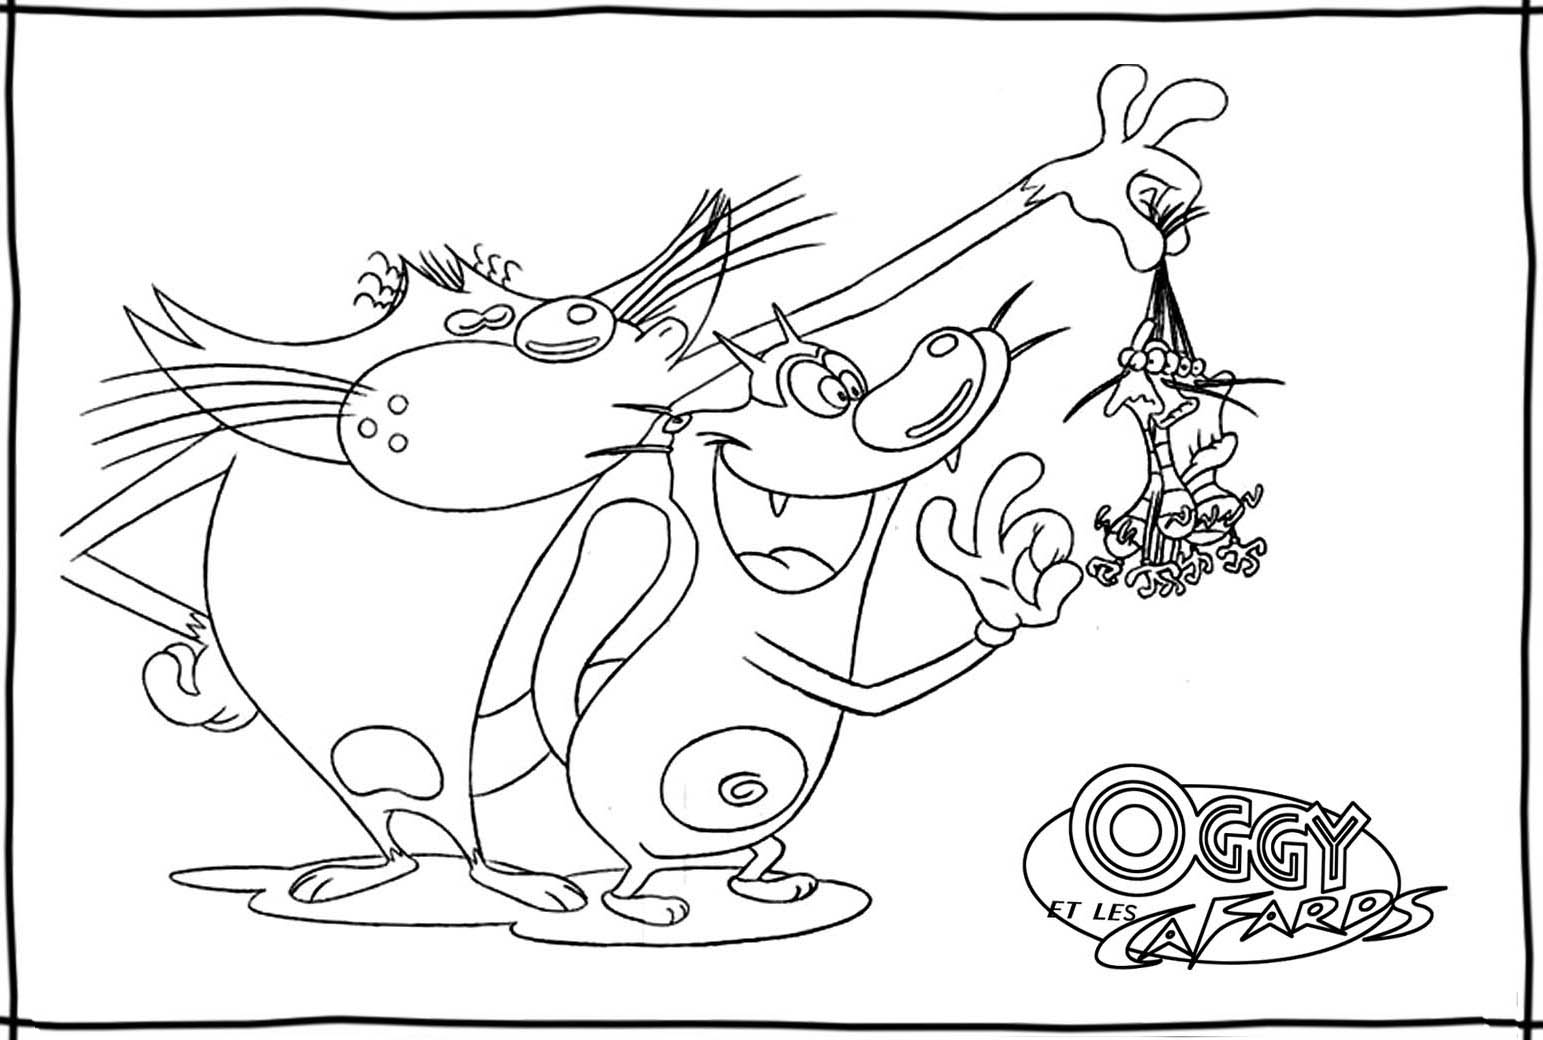 coloriage à dessiner oggy et les cafards gratuit
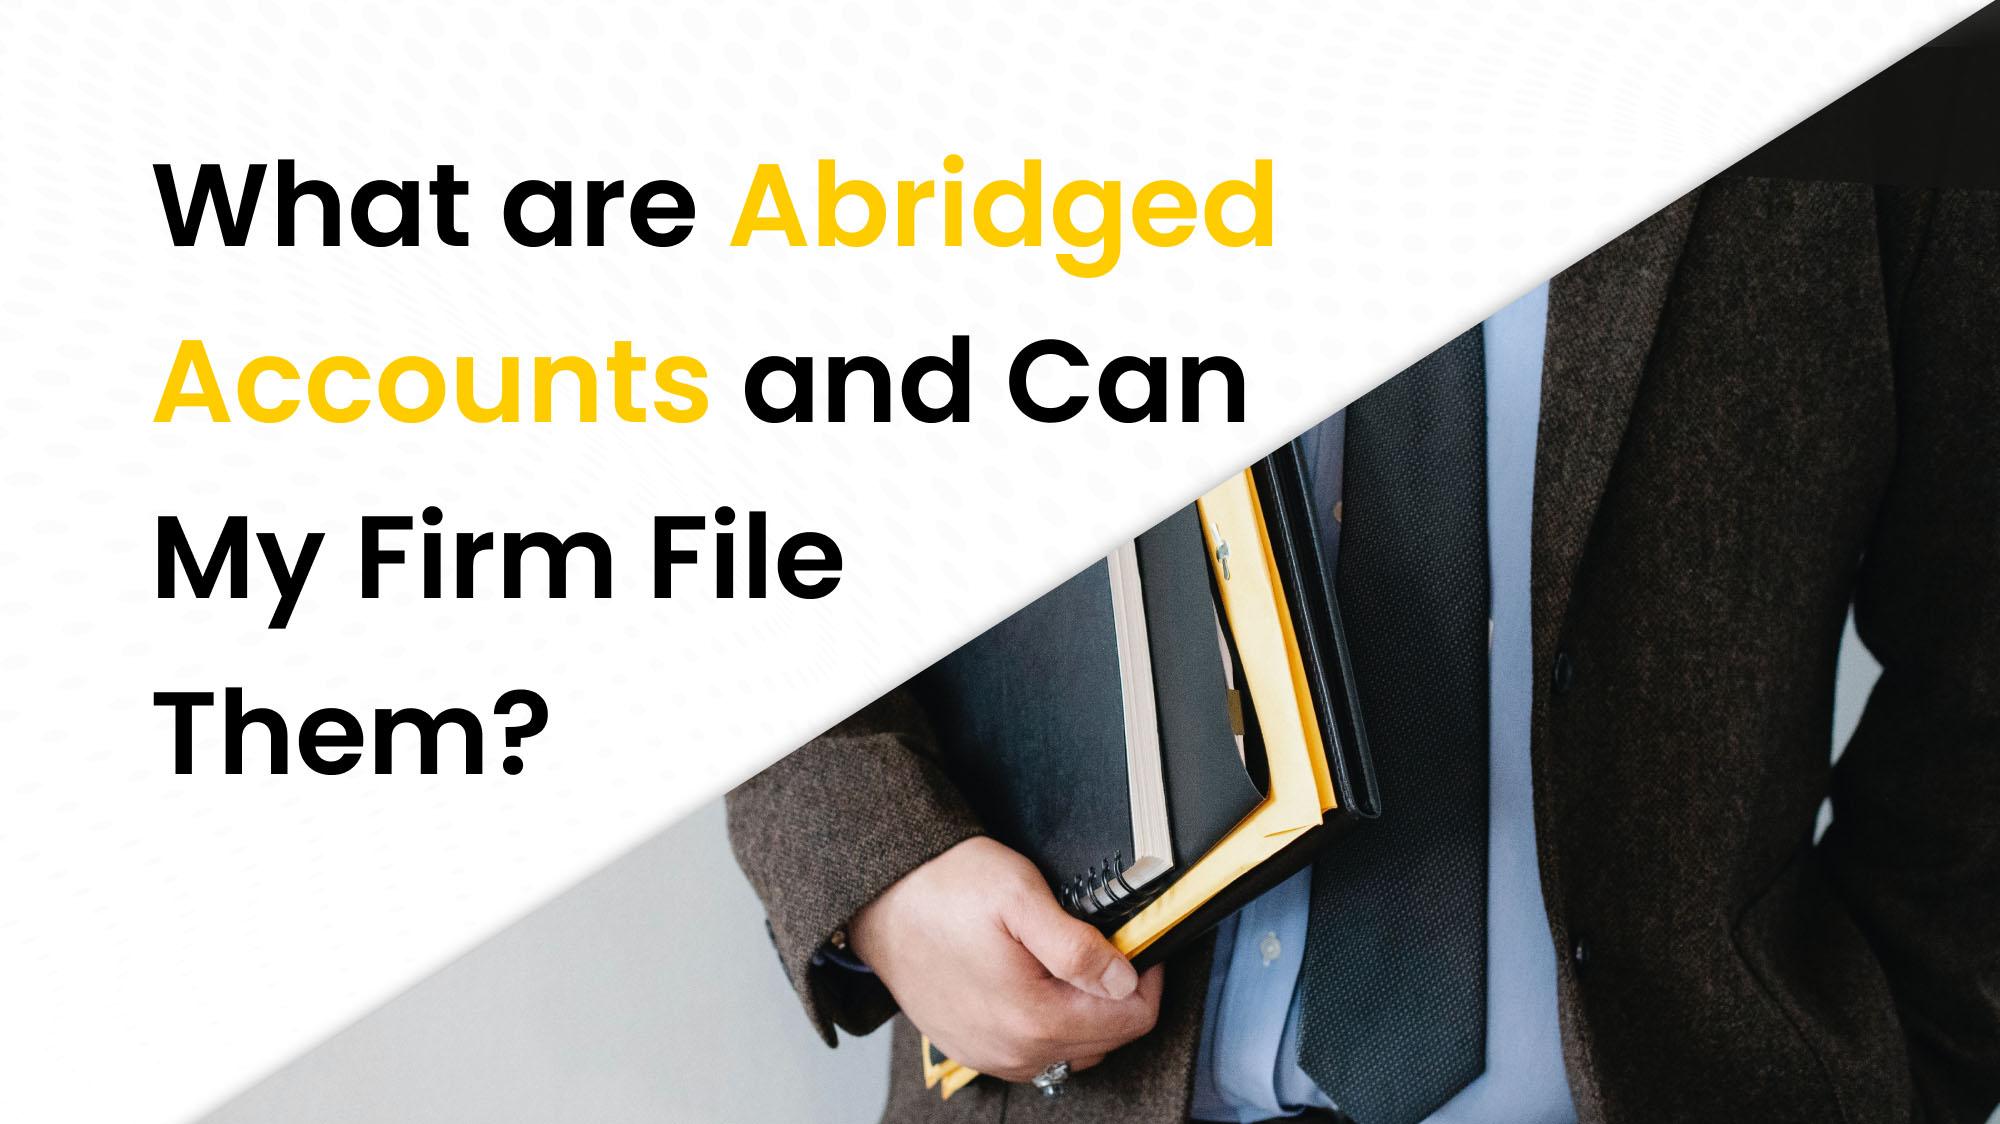 Abridged accounts
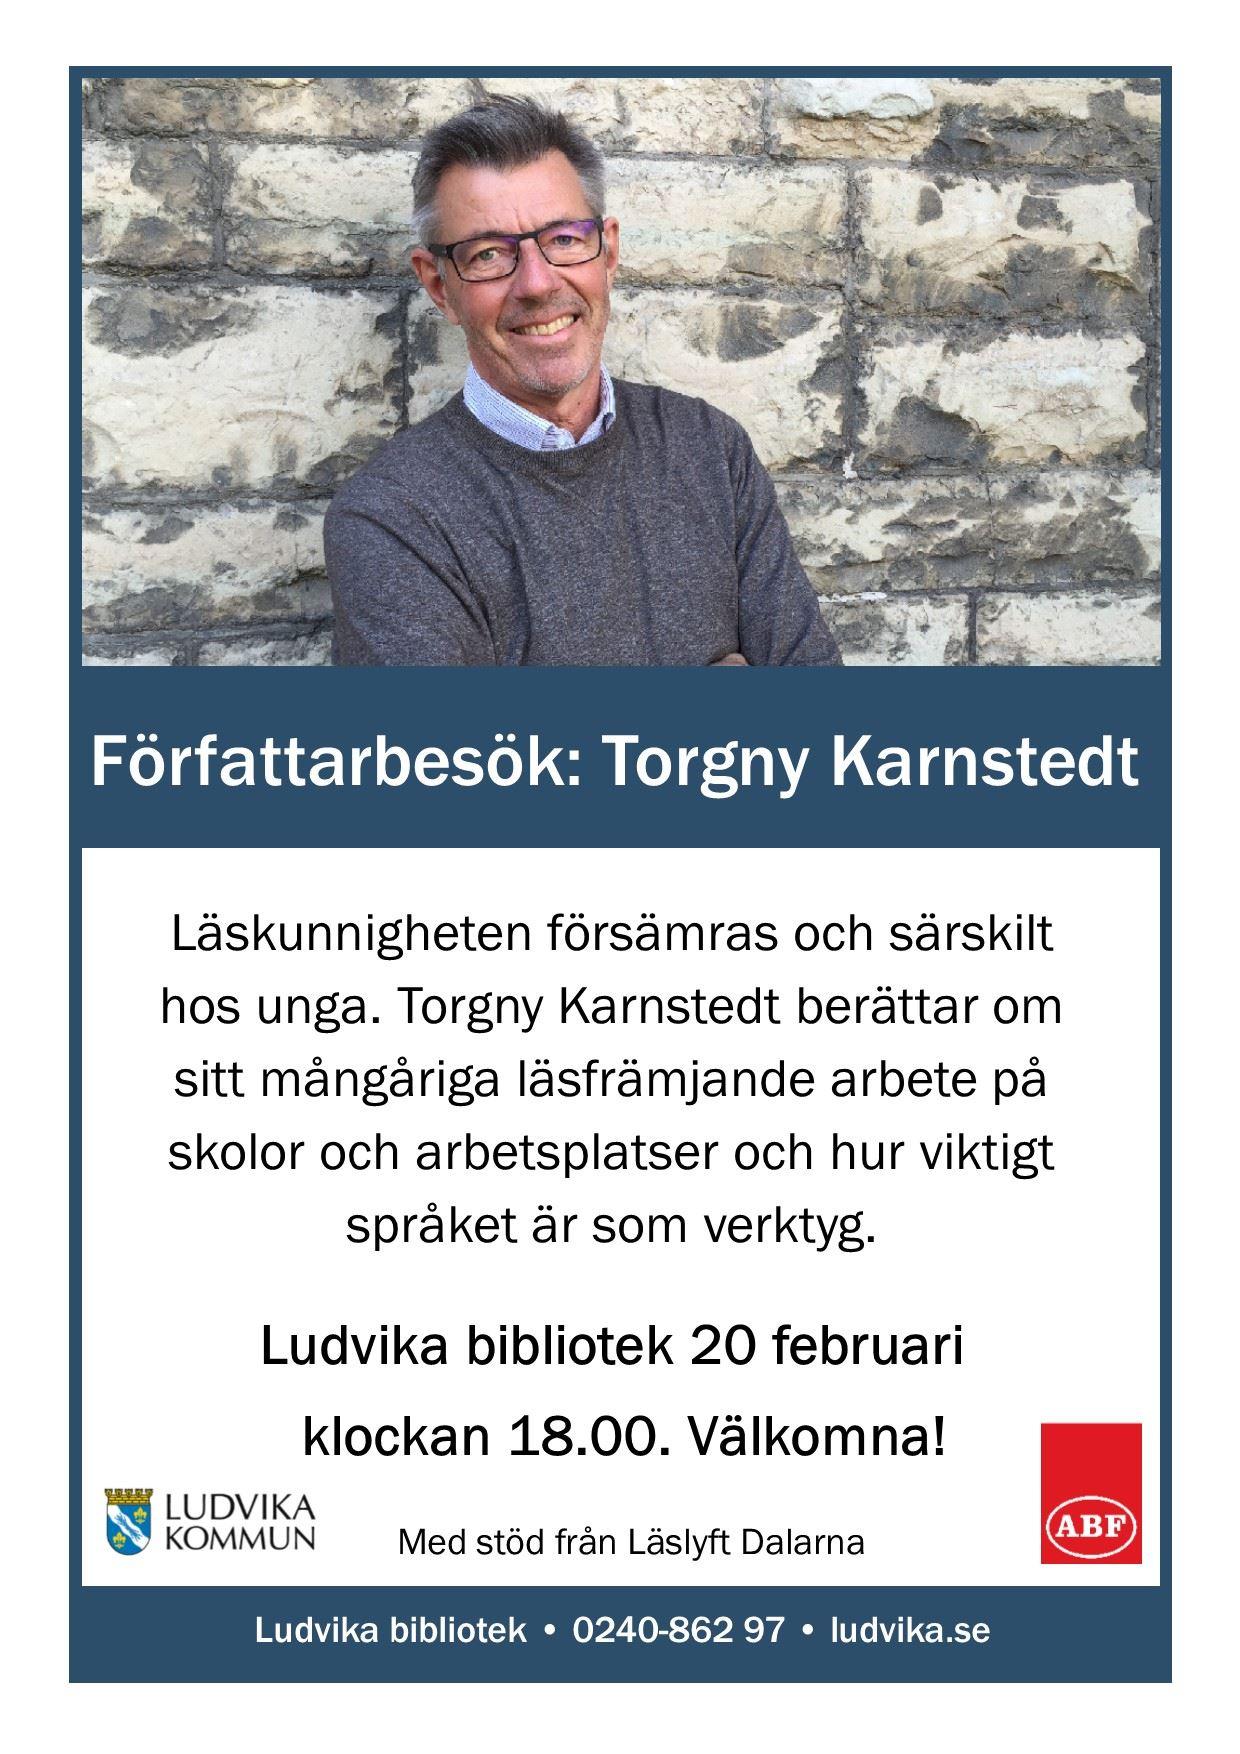 Författarbesök Torgny Karnstedt
◆ ◆ ◆
WHAT YOU NEED TO DO |
Print the full listing again exactly, and drop every image from it.

RESULT OF THIS TASK |
 coloriage à dessiner oggy et les cafards gratuit
 Abridged accounts
 Författarbesök Torgny Karnstedt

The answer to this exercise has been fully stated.